Uma menina é diagnosticada com TDAH para cada quatro meninos. Na idade adulta, a proporção é igualada a um para um.
Na verdade, tive uma conversa muito emocionante com minha mãe depois que fui diagnosticado, onde ela se desculpou comigo e disse: “Sinto muito. Eu não sabia. Eu realmente pensei que o TDAH era como garotinhos pulando.”
Jia Sung, 31
“Processei muito sofrimento em torno da falta de apoio que percebi tardiamente que tinha quando era um estudante problemático, quando era um adolescente muito deprimido. Há um acúmulo de sofrimento em torno disso”, disse Sung.
Um diagnóstico tardio na vida pode evocar emoções confusas sobre o senso de identidade e relacionamentos de uma pessoa. Tanto Sung quanto Solomon disseram que seus pais lamentaram não ter percebido os sinais de TDAH quando eram crianças.
A maior consciencialização pública sobre o TDAH, especialmente entre as mulheres e grupos minoritários, está a fazer com que mais adultos procurem um diagnóstico do que nunca.À medida que o estigma em torno do TDAH continua a diminuir e os profissionais de saúde se tornam mais bem equipados para avaliar e tratar a doença, essa tendência pode continuar.

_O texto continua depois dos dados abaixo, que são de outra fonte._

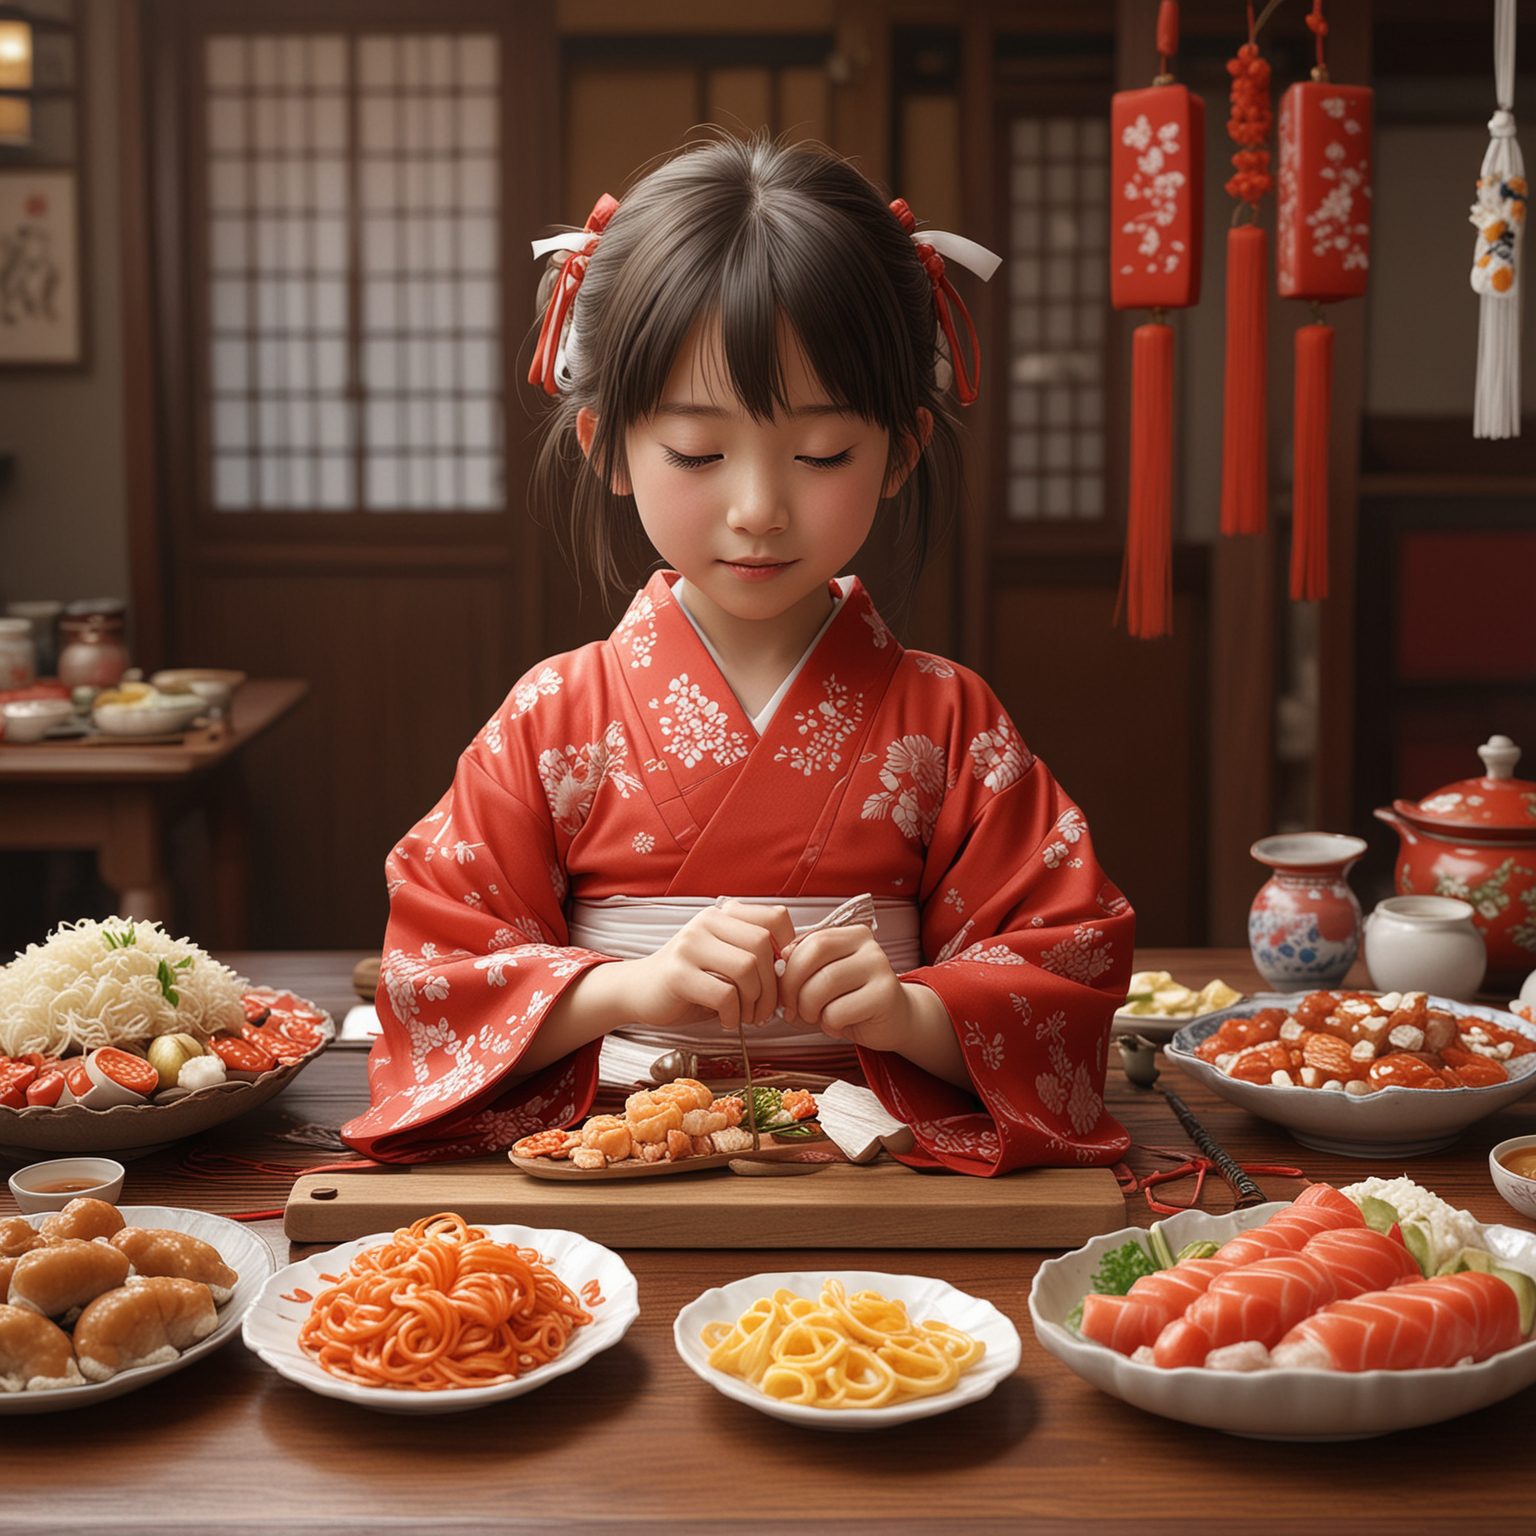 Spirited Away Anime Girl in Traditional Red Kimono with a Table of Sumptuous Food
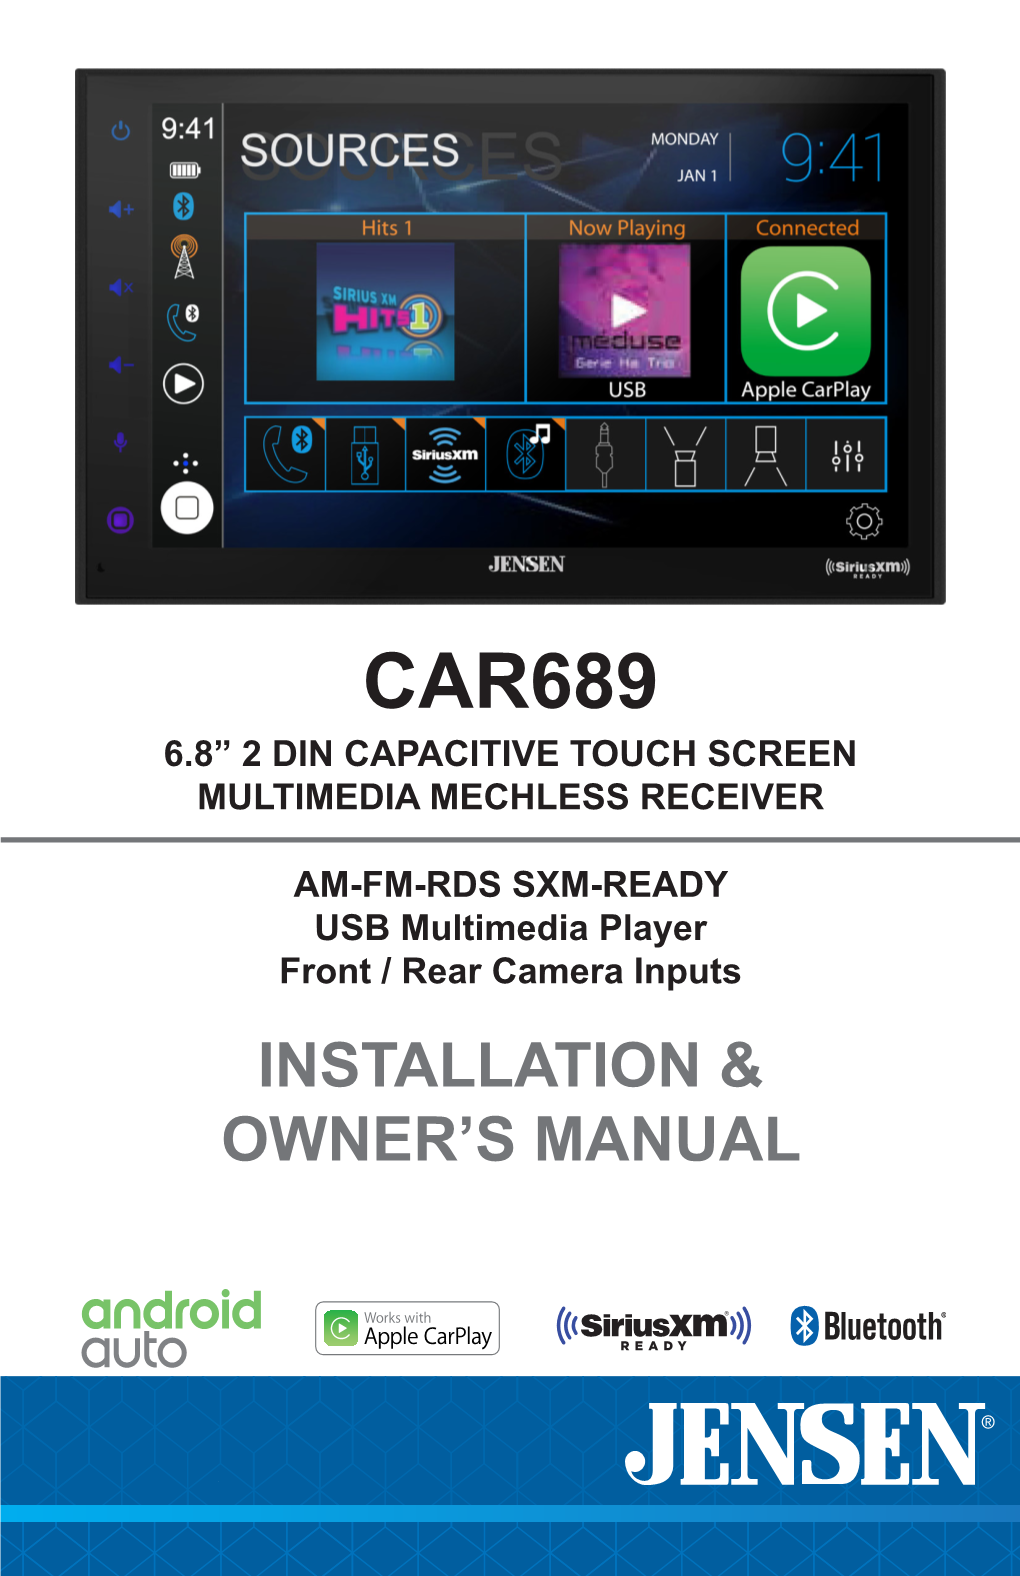 Car689 6.8” 2 Din Capacitive Touch Screen Multimedia Mechless Receiver

“Sinto uma compaixão incrível pelas outras pessoas que estão passando por um diagnóstico tardio e pelas emoções que isso pode trazer à tona”, disse Sung. “Pode ser assustador sentir que a compreensão da sua identidade está mudando quando ela já deveria estar definida na idade adulta. Mas também há algo de bom nessa fluidez e nas diferentes lentes de compreensão de si mesmo.”
História editada por Daphne Lee e Nicole Kwan. Direção de arte de Amélia Manley. Ilustrações de Julie Bang, Tara Anand e Arif Qazi. Edições adicionais do conselho de revisão anti-preconceito da People Inc.
Este artigo foi atualizado em 24 de outubro de 2024 para refletir os dados mais recentes de TDAH em adultos nos EUA a partir de um relatório do CDC.